Gregor Cameron

Personal information
- Born: Gregor Ewen Cameron 11 January 1964 (age 62) Dunedin, New Zealand
- Education: East Otago High School University of Waikato
- Occupation: Schoolteacher

Sport
- Country: New Zealand
- Sport: Track and field

Achievements and titles
- National finals: 3000 m steeplechase champion (1986, 1988)

= Gregor Cameron =

Former Track and field athlete

Gregor Ewen Cameron (born 11 January 1964) is a former New Zealand athlete who represented his country at the 1990 Commonwealth Games.

==Early life and family==
Cameron was born in Dunedin on 11 January 1964, the son of Linda and Clive Cameron, and educated at East Otago High School. He went on to study at the University of Waikato, completing a Bachelor of Social Sciences in 1986, and Hamilton Teachers' College, where he was awarded a Diploma of Teaching in 1988.

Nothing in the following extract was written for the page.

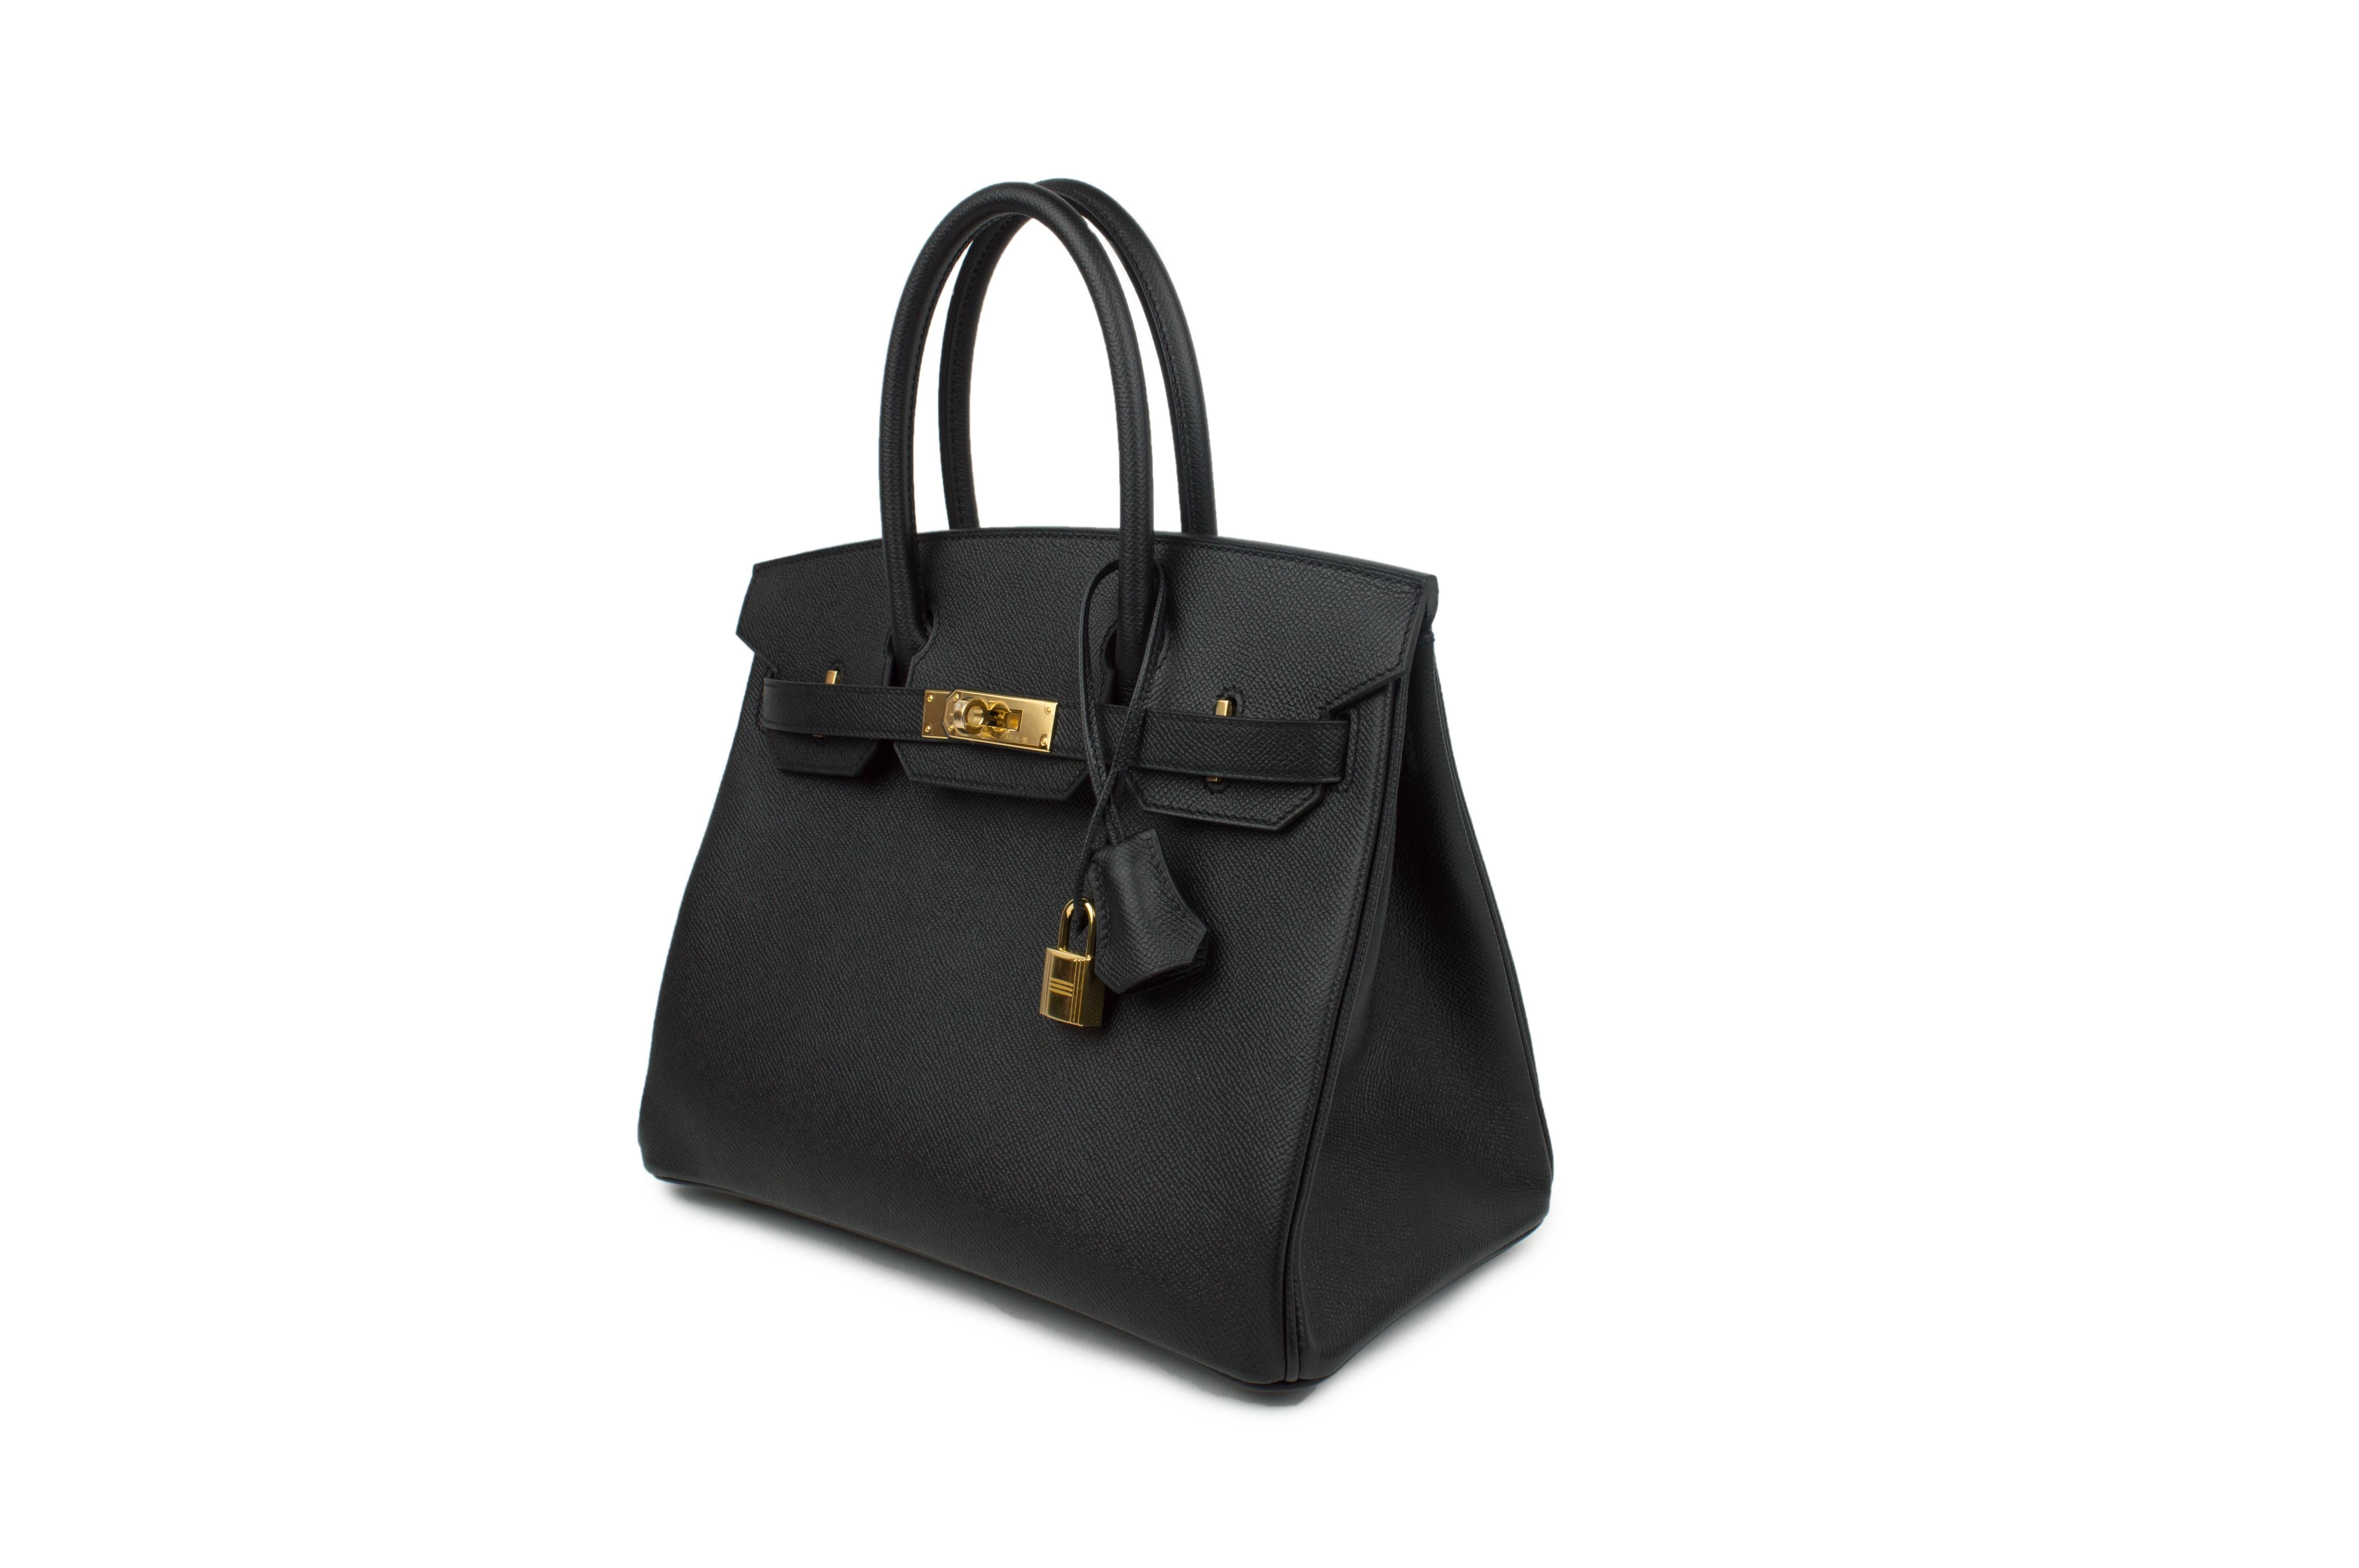 Become an owner of perfect solid hard calfskin Hermes Birkin 30 Black Epsom Gold Hardware Stamp A (2017) purse. As the most demanded fashion bag in the world it helps you pay attention to wherever you go. This product is made of smooth well-known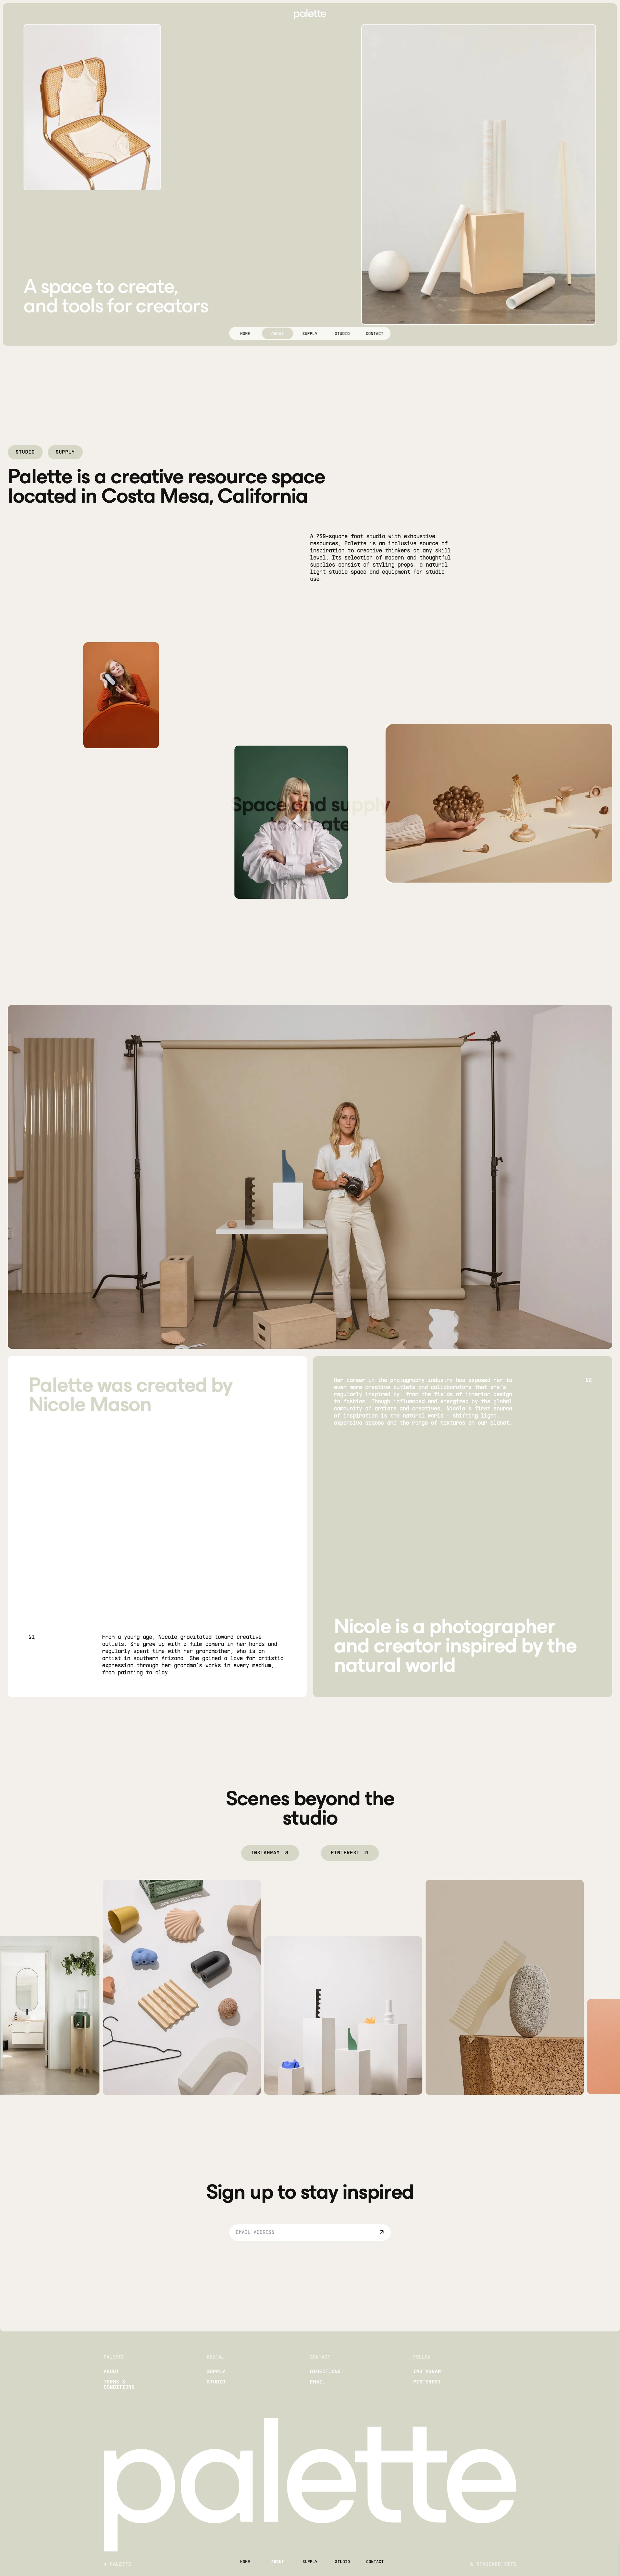 Palette Supply Landing Page Example: A comprehensive studio for contemplation, education and experimentation, Palette offers both space and supply for limitless creativity.

In 1988, Cameron married Karenza de Silva.

==Athletics==
Cameron won the New Zealand national men's 3000 m steeplechase title in 1986 and 1988. He represented New Zealand in the 3000 m steeplechase at the 1990 Commonwealth Games in Auckland. He finished ninth, recording a time of 8:42.08.

In 1990, Cameron was awarded the New Zealand 1990 Commemoration Medal.